Se quisermos falar de internacionalização das atividades acadêmicas de verdade, portanto que se internacionalize o que acontece nos cantos obscuros das Universidades de elite no Brasil, que seja levado aos quatro cantos do mundo o que é feito com os trabalhadores de serviços mais pesados na Universidade da "revolução de 1930" que Goldemberg tanto preza. Que se internacionalize o racismo estrutural da Universidade de São Paulo a perseguir e punir lutadores em defesa das cotas raciais. Que se internacionalize as selvagerias cometidas pelo reitor Zago durante os 118 dias de greve dos funcionários da USP ao cortar salários de centenas. Que se internacionalize o regime de trabalho das mulheres negras que limpam os chãos das faculdades sob um regime de semi-escravidão para garantir o "bom funcionamento" das atividades acadêmicas. Que se internacionalize a os ataques monstruosos que o Governo do PT vem fazendo à educação pública em nosso país. Mas após tudo isso, deve-se internacionalizar também a histórica luta dos estudantes e trabalhadores em defesa da educação pública para mostrar que apesar dos ataques, há muita resistência.
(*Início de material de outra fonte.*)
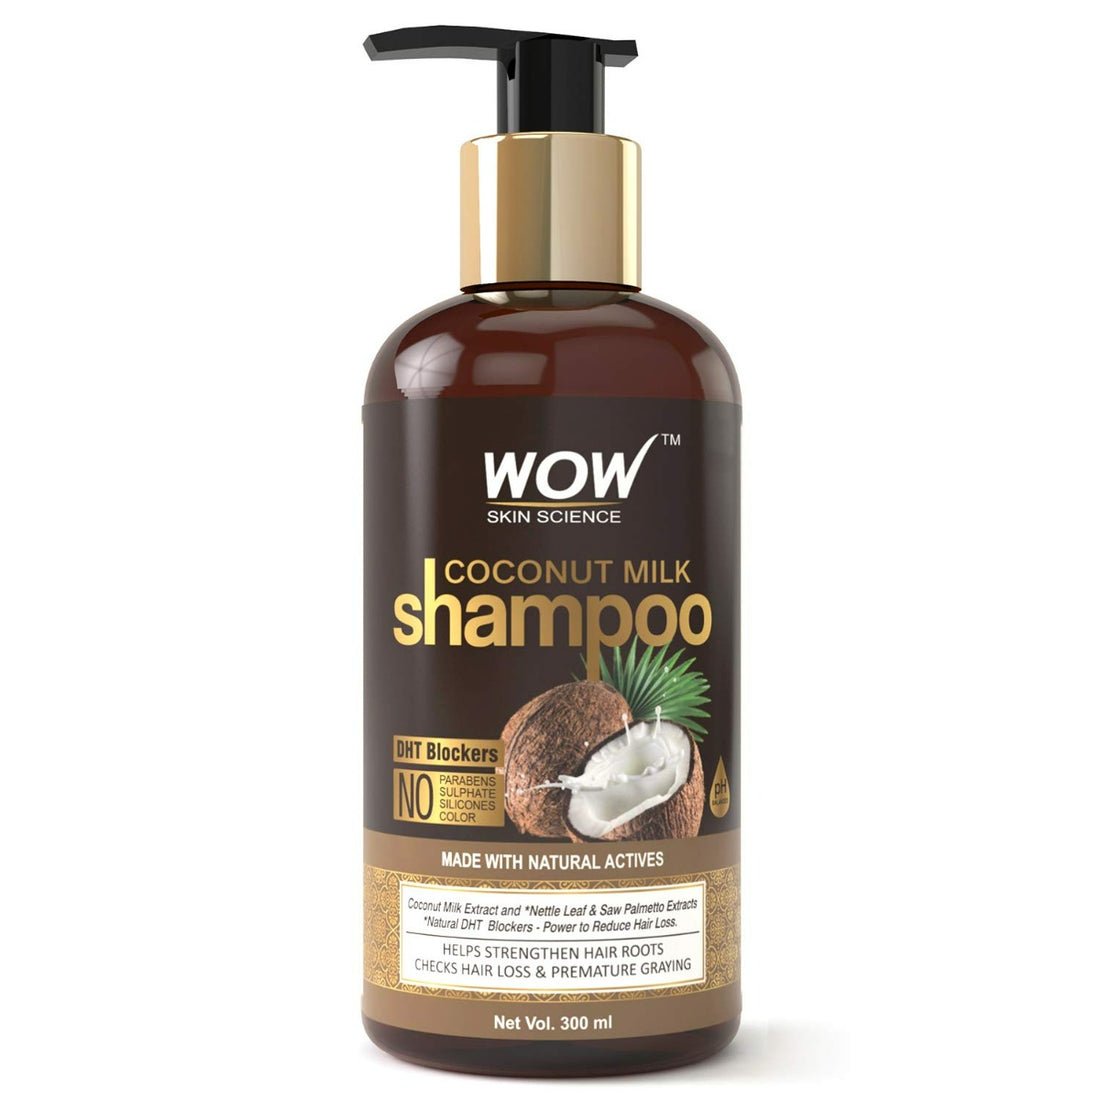 Wow Skin Science Coconut Milk Shampoo (300ml)

Goldemberg é um fantasma, mas que cuja opinião é bem quista entre a cúpula da FIESP e cia. E é por isso que deve ser seriamente criticado. Seu projeto de Universidade da elite para a elite ainda vigora, mas encontra obstáculos na organização dos professores, estudantes e funcionários que ano após anos se levantam contra os absurdos recorrentes das reitorias e dos governos. A questão agora é o que fazer diante deste difícil cenário. Talvez a resposta tenha sido dada pelo próprio Goldemberg quando aludiu aos revolucionários do começo do século passado: "Mudanças foram feitas para colocar nas universidades filhos dos trabalhadores, que seriam mais sensíveis às necessidades do povo."